Genetic disturbances can disrupt normal cellular programs, promote unrestricted proliferation (i.e., tumor growth), and expose vulnerabilities that can be targeted therapeutically. However, how cells dynamically respond to such changes over time remains incompletely understood. Dr. Torre will use cutting-edge genetic tools, such as CRISPR and single-cell RNA sequencing, to study the precise sequence of molecular events triggered upon silencing of key regulators of cell identity and proliferation in human cells. By combining single-cell data with advanced statistical modeling, this work will reveal how gene perturbations dynamically alter cellular networks and drive survival or cell death, thus helping inform the development of novel cancer treatments. Dr. Torre received his PhD from the Icahn School of Medicine at Mount Sinai, New York, and his BS from the University of Trieste, Trieste.

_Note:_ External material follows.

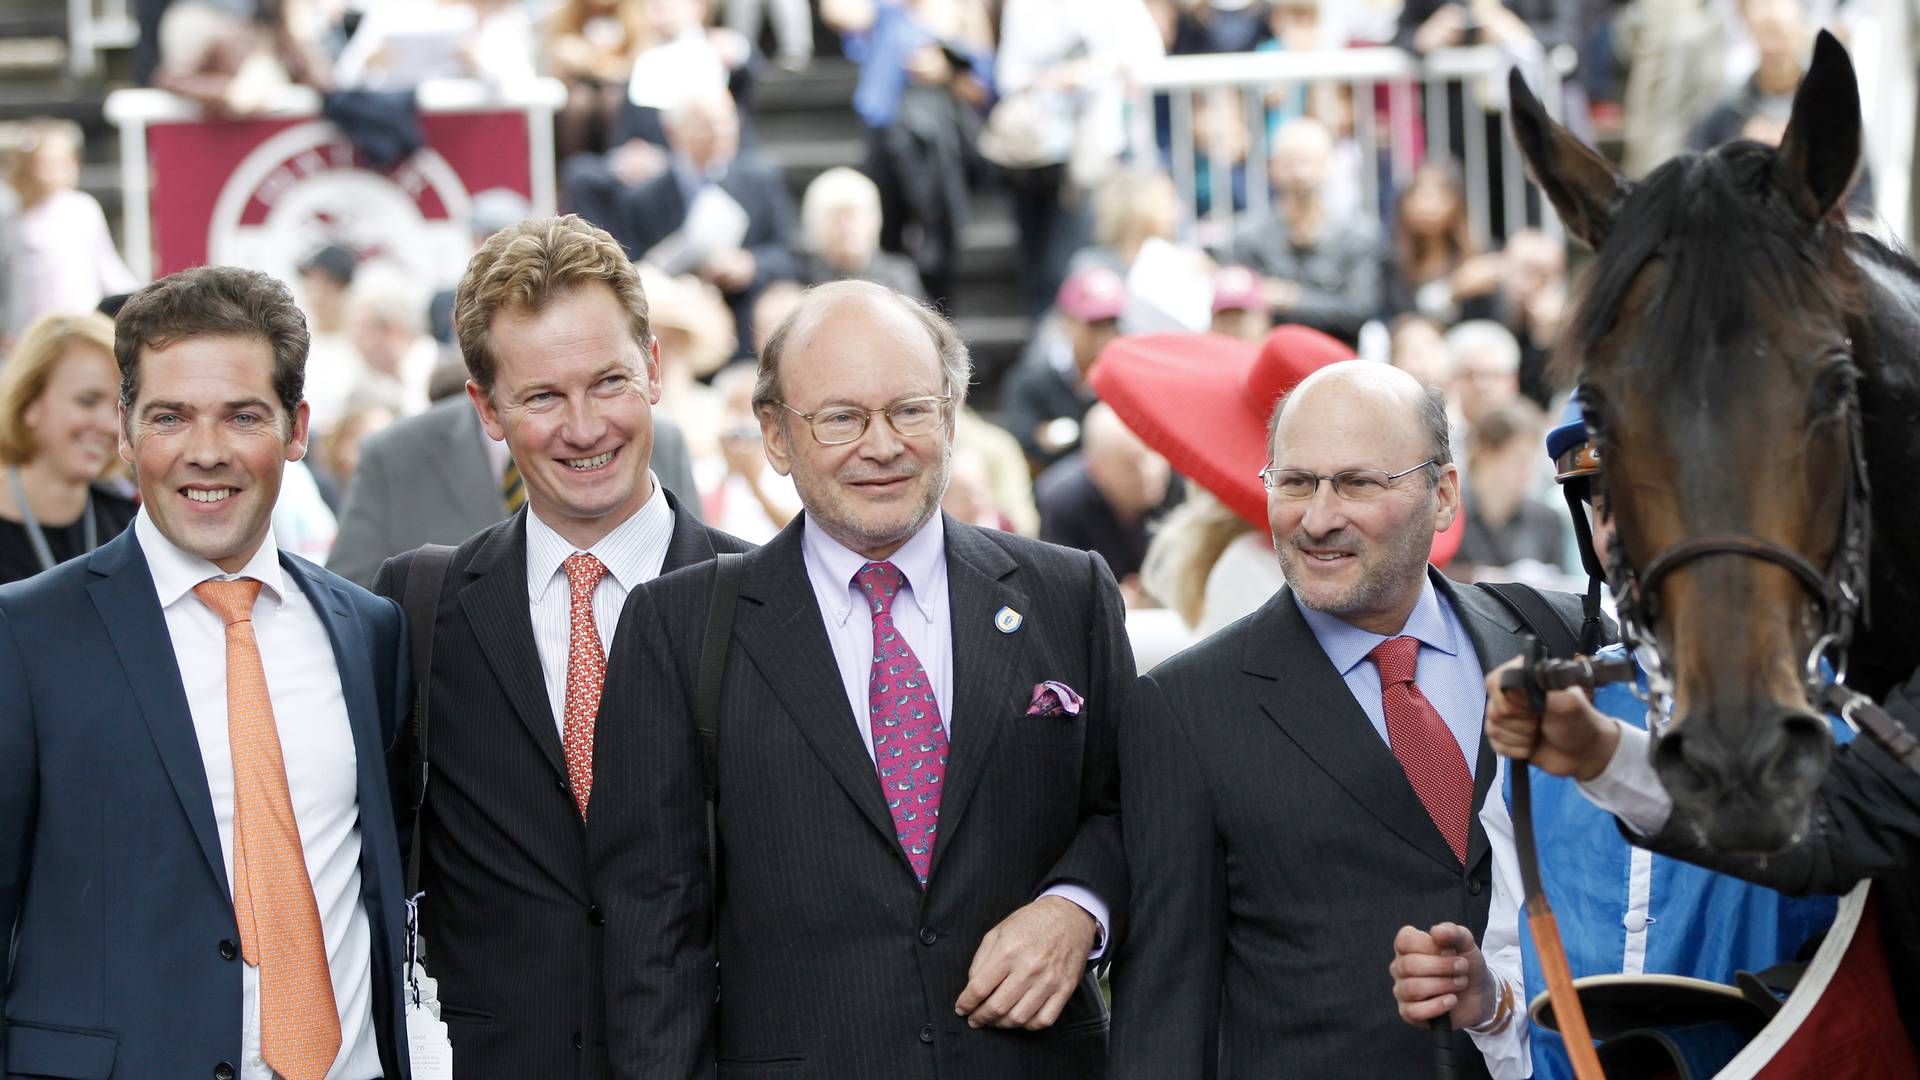 Chanel-arvingerne Alain og Gerard Wertheimer (til højre) til et hestevæddeløb i Frankrig i 2013. | Foto: Lajos-eric Balogh/ap/ritzau Scanpix

Cells have a built-in defense system that detects double-stranded RNA (dsRNA), a molecule often associated with viruses. Although this system evolved to fight microbial infections, activating it can also help the body recognize and attack cancer, especially when combined with treatments that make tumors easier for immune cells to detect. However, tumors can escape this immune pathway by producing high levels of a protein called ADAR, which edits dsRNA by changing one of its building blocks, adenosine, into inosine. These edits prevent the dsRNA from being recognized, allowing cancer cells to stay hidden even during treatment. Dr. Nichols’ [Merck Fellow] research aims to understand how these RNA changes block immune detection and to identify which RNA molecules are most likely to trigger an immune response. By uncovering how cancer cells use this editing process to escape detection, he hopes to support the development of better immunotherapy treatments. Dr. Nichols received his PhD from the University of Colorado, Anschutz Medical Campus, Aurora, and his BA from Lewis and Clark College, Portland.